- "Justice Served Nightly"
- Developer(s): Quirkz Media
- Publisher(s): Quirkz Media
- Designer(s): Ross "Ryme" Patty
- Platform(s): Web browser
- Release: October 31, 2007
- Genre(s): Turn based RPG
- Mode(s): Single-player, multiplayer

= Twilight Heroes =

2007 video game

Twilight Heroes is a browser-based, multiplayer role playing game designed and operated and released by American studio Quirkz Media in October 2007. In 2011, operation (and possibly some elements of design) were subsequently taken over by Metroplexity Games.

Players take on the role of superheroes as they fight monsters and villains in turn-based combat, collect items and chips (the game's currency), and complete quests. The game's setting features surreal humor, parody, references to popular culture, and word play, most notably spoonerisms and anagrams. Twilight Heroes is free-to-play, but offers incentives for donations.

==Gameplay==
Gameplay in Twilight Heroes has been described as "...sort of like a Choose Your Own Adventure story, but much more interactive." The player chooses an area of the city to "patrol". Patrolling may have two outcomes: either combat will be initiated or a small story will be displayed. Patrolling consumes game turns, and once all turns are used up the player character's bedtime has arrived, and they must rest to prepare for their day job. Players may increase their number of turns per day by consuming caffeine-based items such as coffee or tea, but only by a limited amount per day.
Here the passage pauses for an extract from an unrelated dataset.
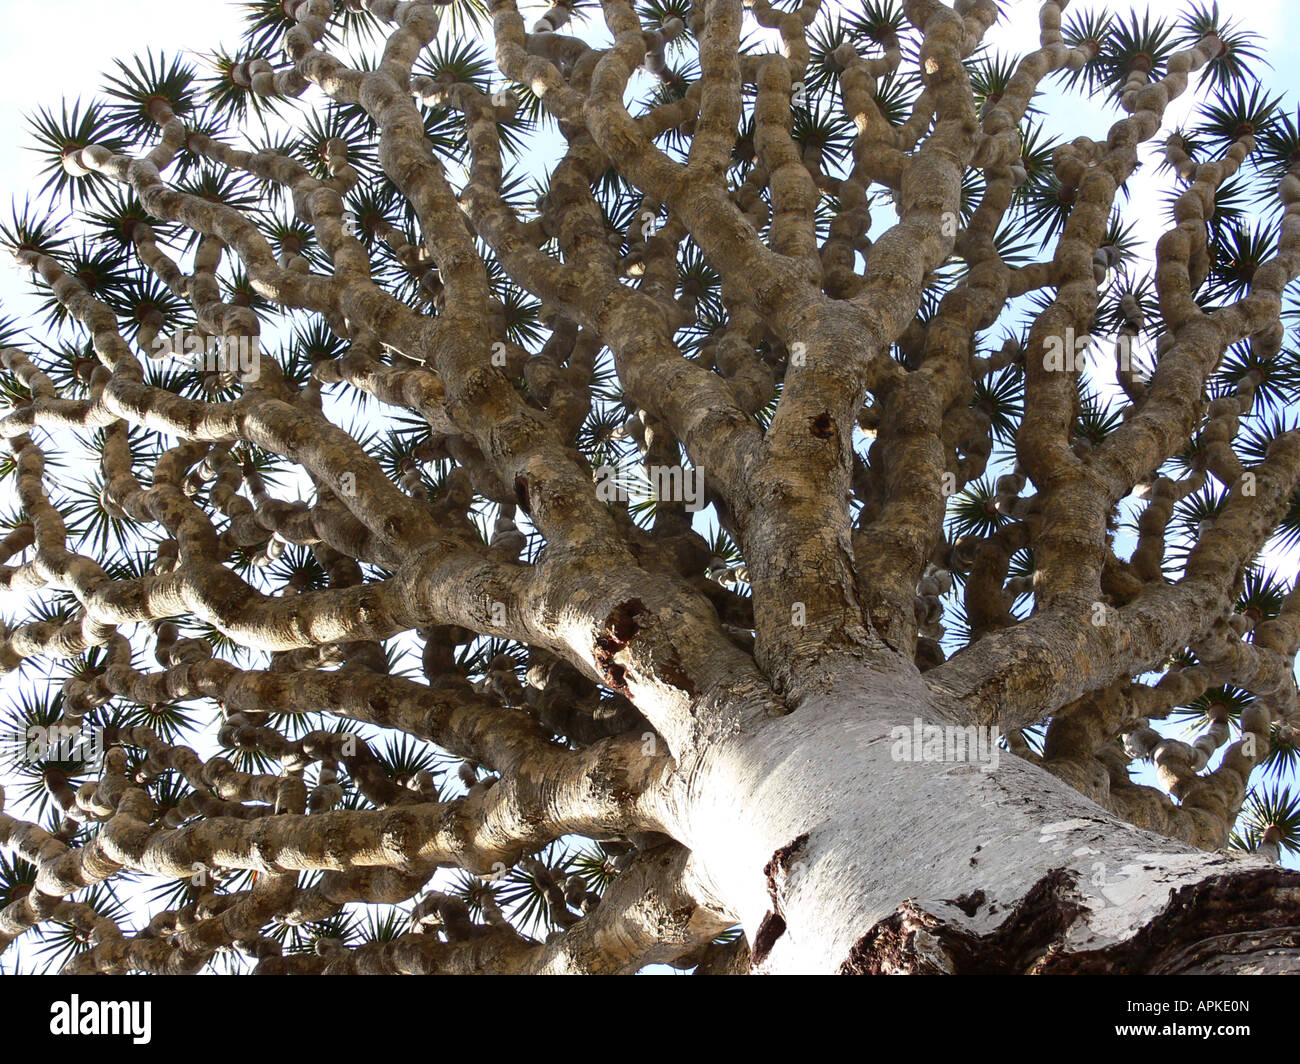 dragon tree (Dracaena cinnabari), single tree in womrs-eye view, Yemen, Socotra Stock Photo

The game day resets and players are granted more turns at rollover, an event which occurs daily at 11:10 P.M. Eastern Standard Time (GMT -5).

Screenshot of combat against a green twosome

Initially, the player may only visit Somerset Square and their Hideout. Somerset Square is the suburb in which the player lives, and contains stores and low-level areas for patrolling. The Hideout is the area where the player can rest to regain Hit Points and Power Points. Here, the player can also assemble or weld items, access their computer (if available), manage character specialty-only items and switch types of transportation in the garage.

Players can undertake quests, fight bosses, and advance the in-game story. As the player increases in level and gains new modes of transportation, more areas become available to patrol. For example, a player with a bicycle can access more areas of the city than one who is on foot, while a player with a jetpack has even greater range and can even patrol in the sky.

The game shares many similarities with Kingdom of Loathing, such as the focus on humor and word play. Both games use turn-based systems which grant players a limited number of actions per day. The game's creator, "Ryme", consulted Kingdom of Loathing creator Jick's advice in multiple areas of game design and coding.

==Plot==
The game takes place in the fictional Twilight City, which resembles an average American city, albeit one in which superpowers, renegade robots and monsters are commonplace. The city's currency is the casino chip. The player begins the game as middle-waged, apathetic, average citizen in a city plagued by crime. After the player character's apartment is ransacked, he or she decides to fight back against the criminals. The player encounters a suspicious figure on the street, but is quickly knocked unconscious. Upon waking up, the player character discovers a talisman, an object which grants the character superpowers. The qualities of the talisman vary according to the character class the player selected, with the four available classes being: Elemental, Gadgeteer, Naturalist, and Psion.

==Reception==
Twilight Heroes is one of ten games listed as the best freeware role-playing and Roguelike games of 2007 by IndieGames.com. Video game journalist John Walker described the game as "a surprisingly in-depth and complex RPG". Despite finding combat becoming repetitive very quickly, he stated the game's writing makes it "a lot of fun". In particular he highlighted the in-game dictionary, which offers off-the-wall descriptions of items which are unambiguous in the first place. Eurogamers Jon Hamblin rated Twilight Heroes 6/10, citing the lack of opportunities for players to customize their characters and the lack of activities for players with more experienced and powerful characters, but noted that new quests were regularly being added. Hamblin stated that the largest problem he found was the inconsistent tone; "...the mildly tongue-in-cheek descriptions here are occasionally too serious, and neither specific enough for parody, nor funny enough to take flight on their own."